* [Data provided]
.....
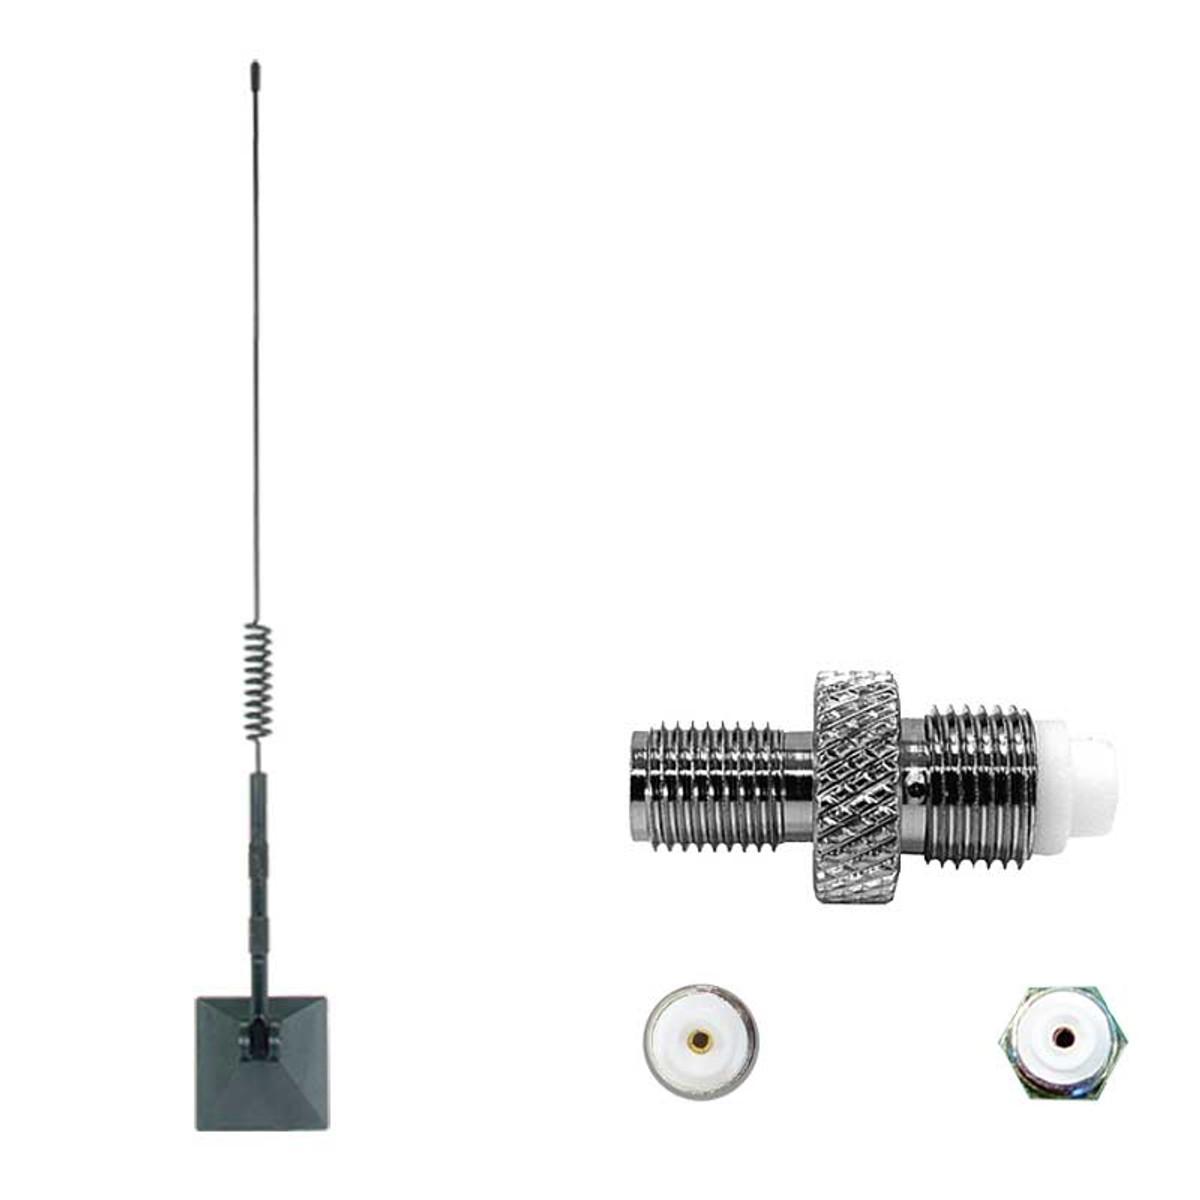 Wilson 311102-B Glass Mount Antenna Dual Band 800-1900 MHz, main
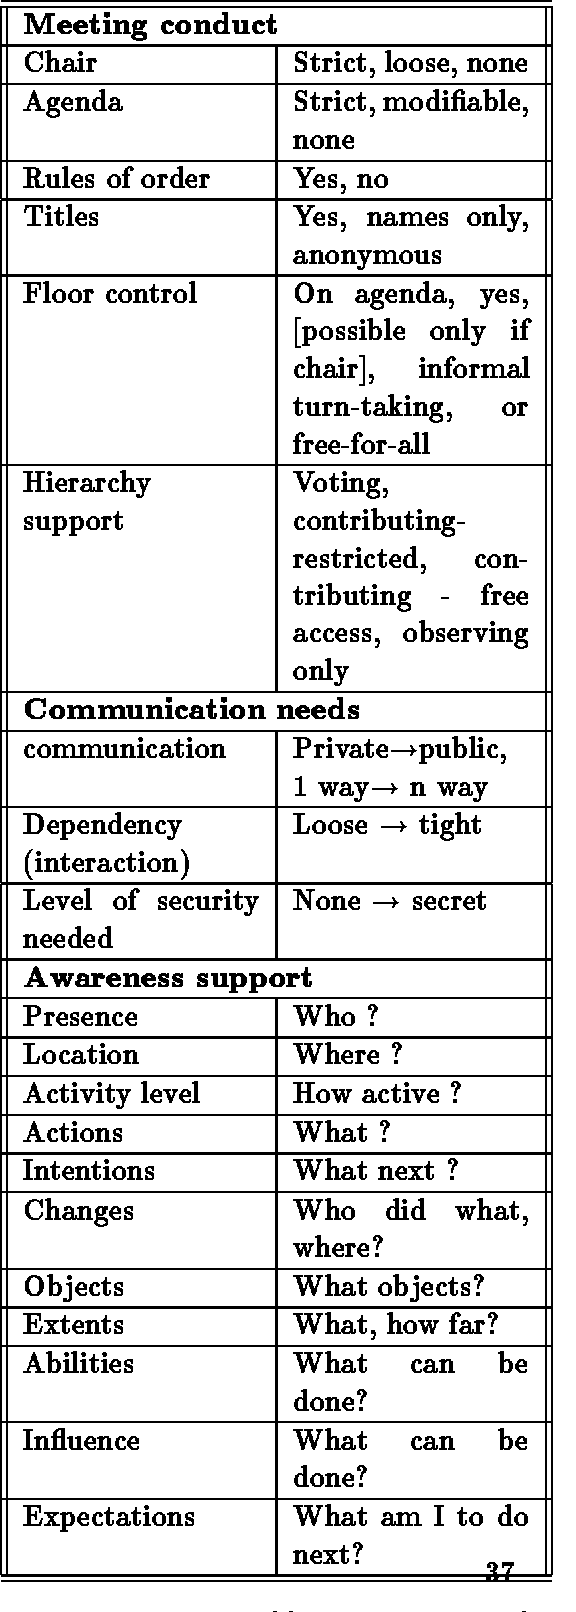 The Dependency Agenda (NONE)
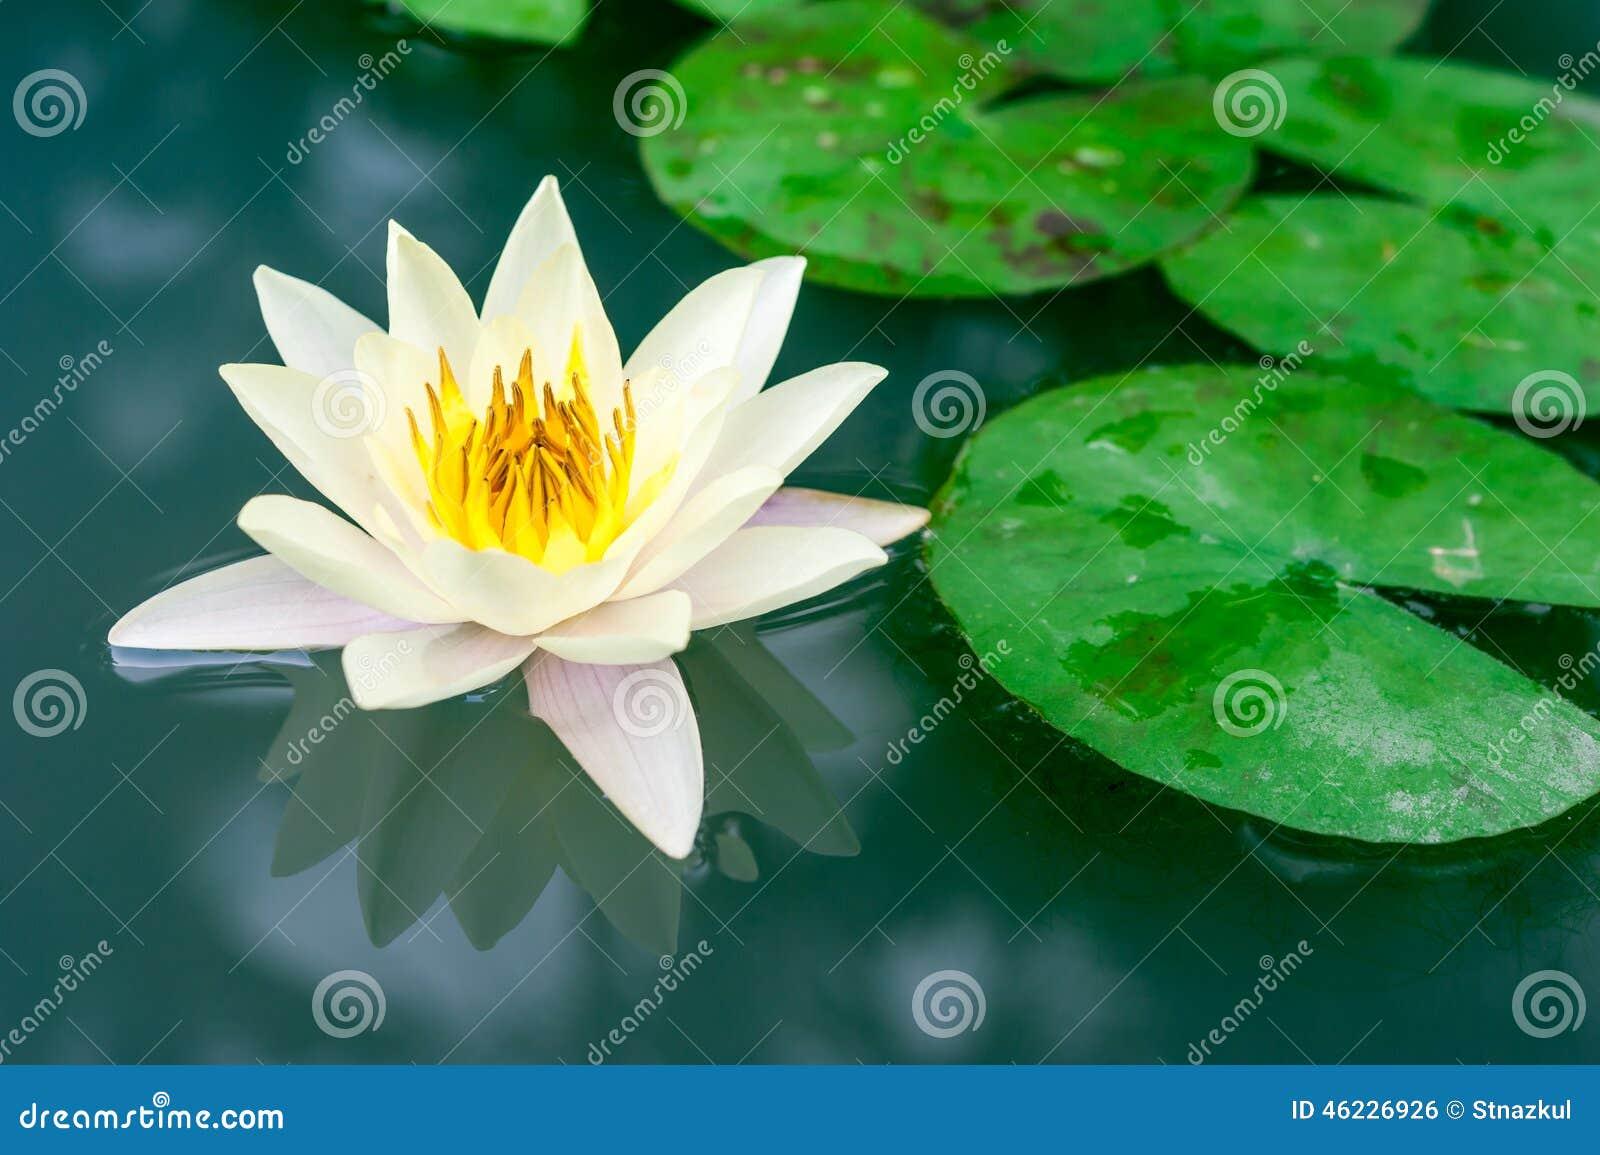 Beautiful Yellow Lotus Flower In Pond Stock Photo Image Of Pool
.....
* [What to work on] Only the text of the listing above should be copied, exactly and with pictures left out.

* [Exercise response]
 Wilson 311102-B Glass Mount Antenna Dual Band 800-1900 MHz, main
 The Dependency Agenda (NONE)
 Beautiful Yellow Lotus Flower In Pond Stock Photo Image Of Pool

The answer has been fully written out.